In [None]:
import pandas as pd

# 文件路径
crime_data_path = "data/crime_data.csv"
housing_data_path = "data/median_price_paid.csv"
population_data_path = "data/population_density.csv"
gva_data_path = "data/gva_data.csv"
travel_time_data_path = "data/travel_time.csv"

# 设置筛选年份范围
selected_years = list(range(2011, 2020))

# 加载犯罪数据
crime_data = pd.read_csv(crime_data_path)
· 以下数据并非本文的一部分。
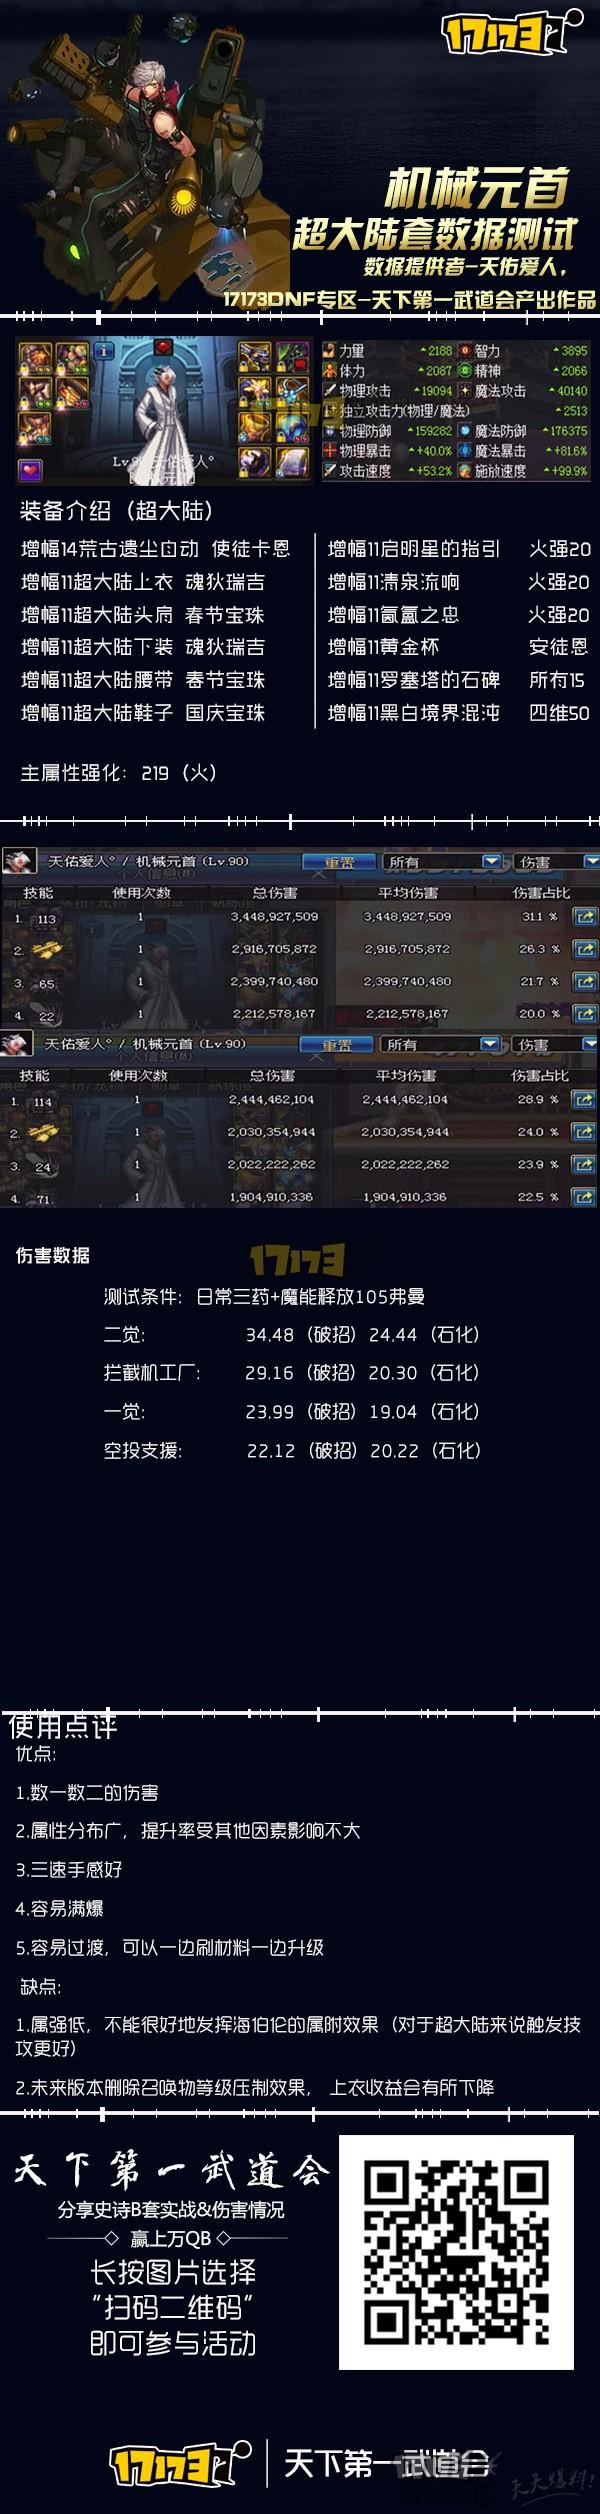 【超大陆】机械.jpg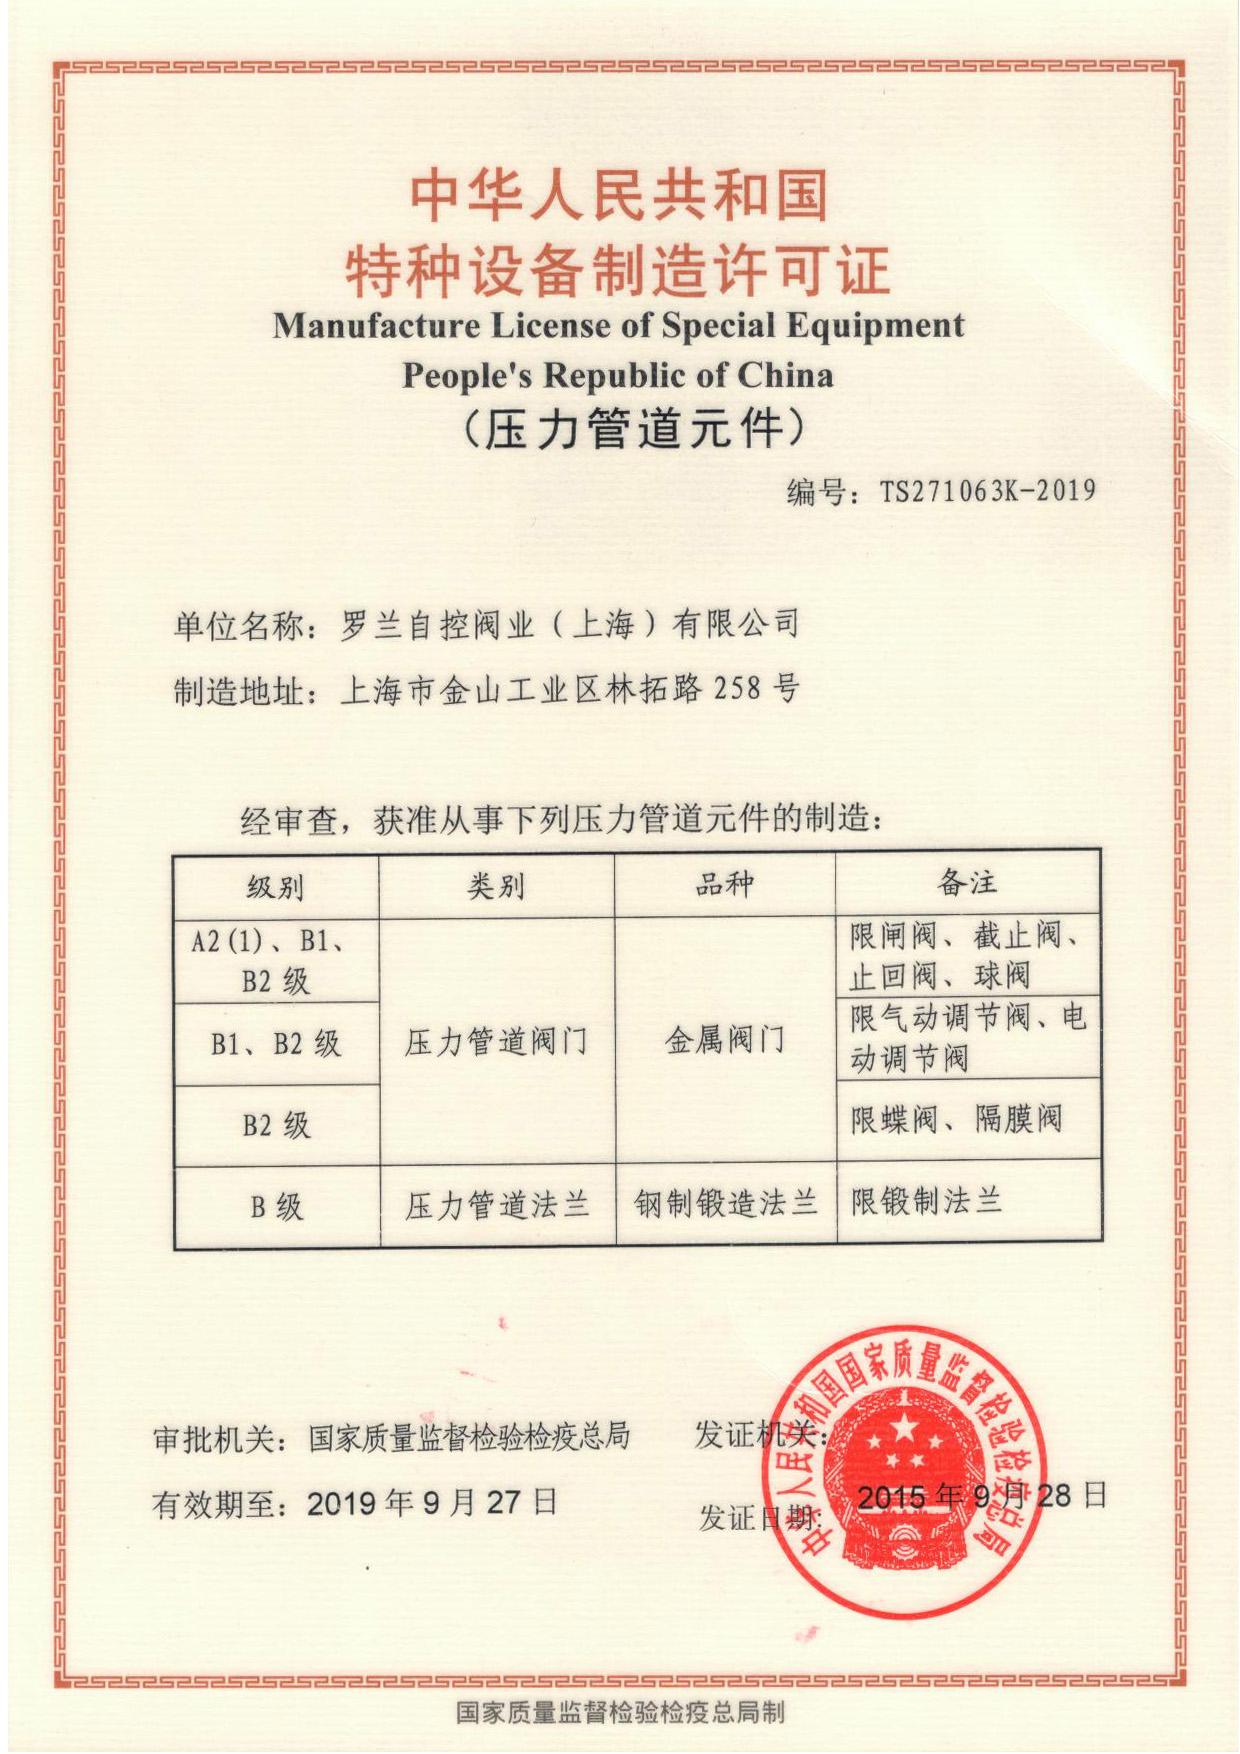 祝贺我公司取得特种设备制造许可证

# 仅保留 "Major Category" 为 "Arson and Criminal Damage" 的记录
crime_data = crime_data[crime_data["Major Category"] == "VIOLENCE AGAINST THE PERSON"]

# 加载人口密度数据，提取必要列
population_data = pd.read_csv(population_data_path)
if "LSOA 2021 Code" in population_data.columns and "Area Sq Km" in population_data.columns:
    # 提取 LSOA 和 Area Sq Km
    area_data = population_data[["LSOA 2021 Code", "Area Sq Km"]].drop_duplicates()
    area_data.rename(columns={"LSOA 2021 Code": "LSOA Code"}, inplace=True)
else:
    raise KeyError("人口密度数据中缺少 'LSOA 2021 Code' 或 'Area Sq Km' 列，请检查文件并更新代码。")

# 合并犯罪数据和面积数据
crime_data = crime_data.merge(area_data, on="LSOA Code", how="left")
crime_numeric_columns = crime_data.columns[5:]  # 假设数值列从第6列开始
crime_data[crime_numeric_columns] = crime_data[crime_numeric_columns].apply(pd.to_numeric, errors="coerce")

crime_data = pd.concat([
    crime_data,
    pd.DataFrame({
        "Total Crime": crime_data[crime_numeric_columns].sum(axis=1, skipna=True),
        "Crime Density": crime_data[crime_numeric_columns].sum(axis=1, skipna=True) / crime_data["Area Sq Km"]
    })
], axis=1)
crime_data = crime_data[["LSOA Code", "LSOA Name", "Borough", "Crime Density"]]



# 加载房价数据
housing_data = pd.read_csv(housing_data_path)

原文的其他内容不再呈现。